One of the most widely used online resources for educational purposes is Wikipedia articles. However, Wikipedia articles often reference external pages with important additional information that has since become unavailable on their original websites. This problem degrades Wikipedia's quality as a credible and verifiable source of information.
In August 2023, FCCN's Arquivo.pt team conducted an experiment to measure the percentage of external links (outside the wikipedia.org domain) that were broken, in articles on Portuguese Wikipedia. The results obtained showed that 25% of the external links referenced in the Portuguese Wikipedia were broken.

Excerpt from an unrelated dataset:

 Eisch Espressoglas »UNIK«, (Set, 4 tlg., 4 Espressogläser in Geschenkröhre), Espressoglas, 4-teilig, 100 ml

Furthermore, there is the added problem that a link may even reference content that is still available, but this may no longer be what was originally intended in the Wikipedia article. This may be because the domain has since been purchased by a third party, or for other malicious purposes. This phenomenon is called Content Drift.
To address these issues, Arquivo.pt launched a project in partnership with Wikimedia Portugal to preserve online references present in Portuguese Wikipedia articles. The main goal is to replace broken links in Wikipedia articles with links that direct to content preserved on Arquivo.pt, thus ensuring that cited information remains accessible to Wikipedia readers and users.
Preservation of pages referenced in Wikipedia
The Portuguese Wikipedia contains about 1 million articles and on average they are 140 pages edited per day.
The Archive.pt automatically extracted 14 million links from references in all Portuguese Wikipedia articles. Of these links, it was observed that only 620 referenced Arquivo.pt and 744,553 Internet Archive (5.3%). Note that Wikipedia's guide to creating references recommends publishing citations for web archives (parameter archiveurl/archive-url).
On February 15, 2023, the Arquivo.pt collected all the pages referenced in articles on the Portuguese Wikipedia, which resulted in a new collection named EAWP42: Collection of external links from wikipedia using the wikimedia dumps which contains 12 million files (856 GB).
The main result of this project was the creation of a new automated process for extracting and collecting external links cited on Portuguese Wikipedia pages. This process became part of the FCCN unit's collection operation, with an annual compilation of Wikipedia citations being conducted.